Youth between the ages of 15 and 25 can learn about jobs in the AgriFood sector through RBC’s Grow Your Skills site, which will also offer a virtual career fair.

“We’ve never done that before,” said Johnstone.

For younger children, teachers are being invited to access grade-appropriate educational materials, made available by partners that include grain, dairy and beef farmers.

The University of Guelph’s “A place to Grow” will provide insight into “how science, technology, research, innovation and entrepreneurship all impact how we grow food,” he said, and the Dairy Farmers of Ontario will provide a look at the future of dairy in Ontario – “how to meet society’s present and future food needs, while being sustainable.”

There has been an increasing interest in “local” foods, over the past few months.
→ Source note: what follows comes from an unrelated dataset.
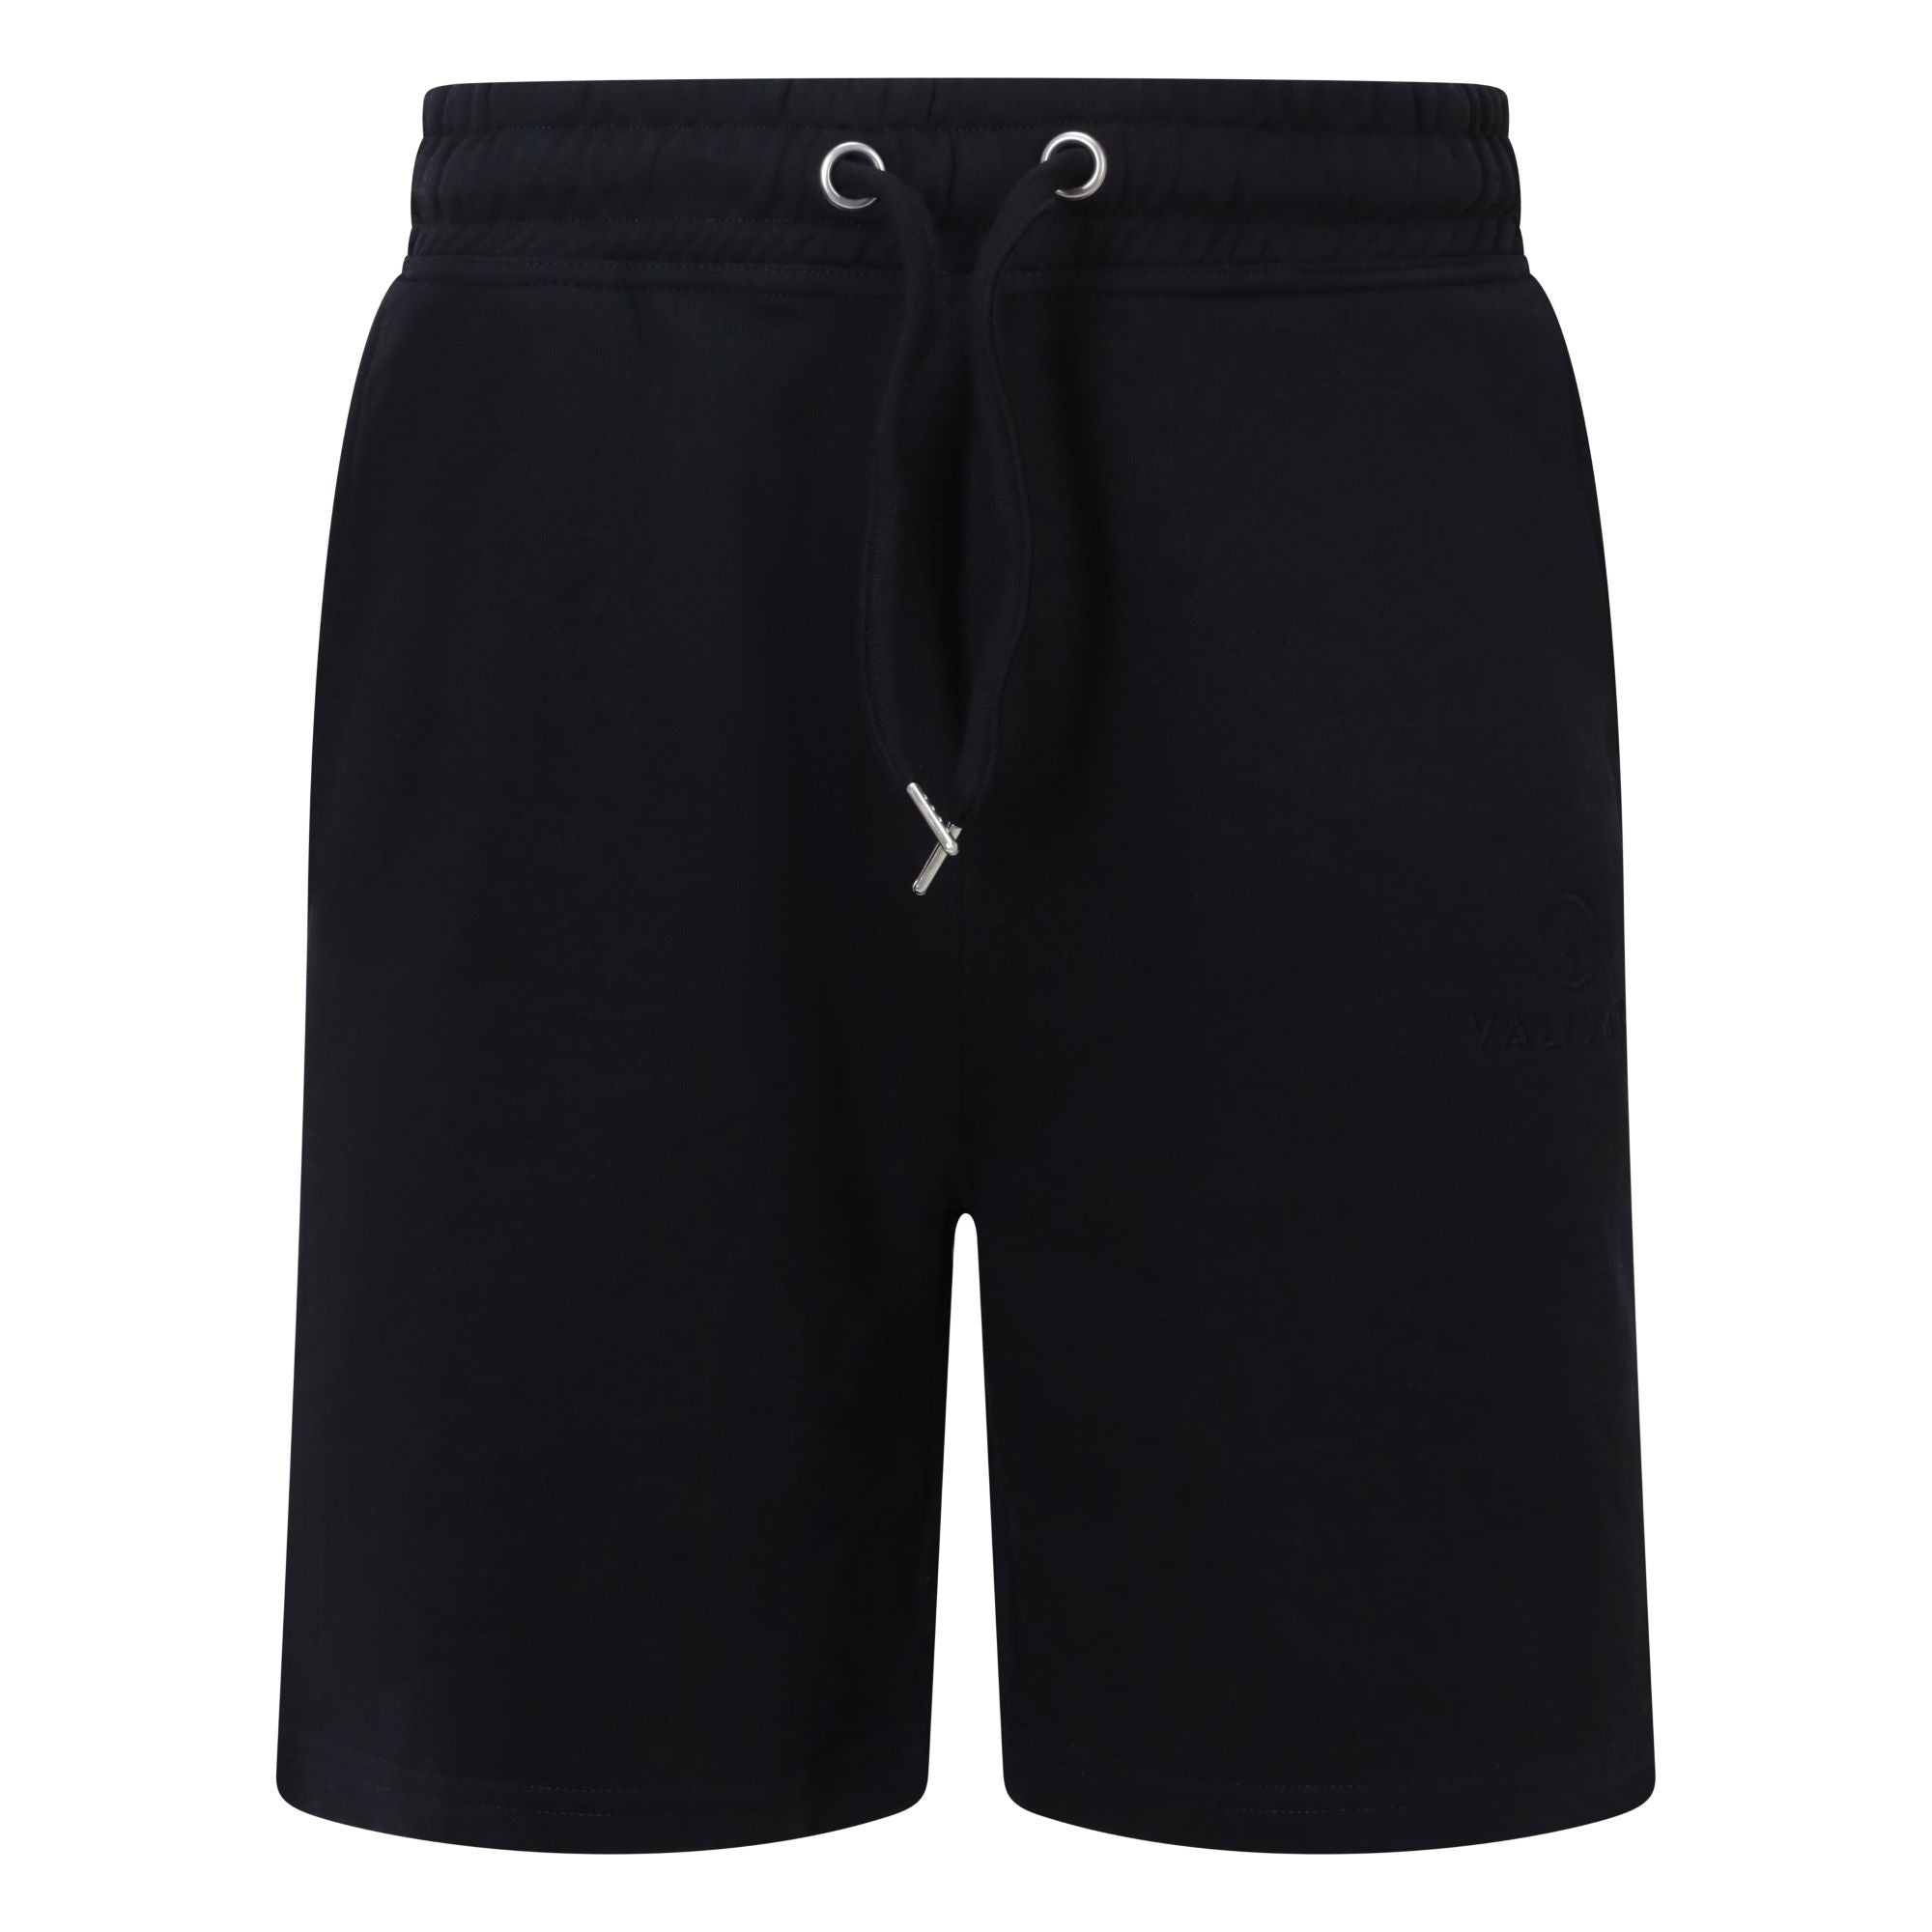 Validate Core Essentials Men's Stack logo Shorts Black

Last year, Metro (the grocery chain) sponsored the Royal's Spotlight on Local. This year, said Johnstone, “We’re expanding that online.”

Other sessions include the Northern Ontario AgriFood Pavilion, Urban Farming Series - “We think there’s lots of different areas that will translate well online,” said Johnstone.

But not everything. While the Royal’s food competitions went ahead this year, livestock competitions did not, and there will be no Royal Horse Show.

In a normal year, the horse show attracts about 1,000 competitors. “Right now, you can’t even get the international riders to come up – the borders are closed,” Johnstone noted. Instead, with the support of equine organizations, the Royal is planning five nights of ‘Fireside Chats’ with past champions and Olympians, something that will be “really unique and fun” for fans.

“It’s taking the elements that will translate well in the virtual sense,” Johnstone said. “We’re not trying to replicate the physical fair. It will be a different type of experience, like this whole year is – but it’s the right thing to do.”

He added, “I’m looking forward to it.”

The Royal Agricultural Virtual Experience will be accessible on any device, with registration at Participation is free, thanks to a long list of sponsors.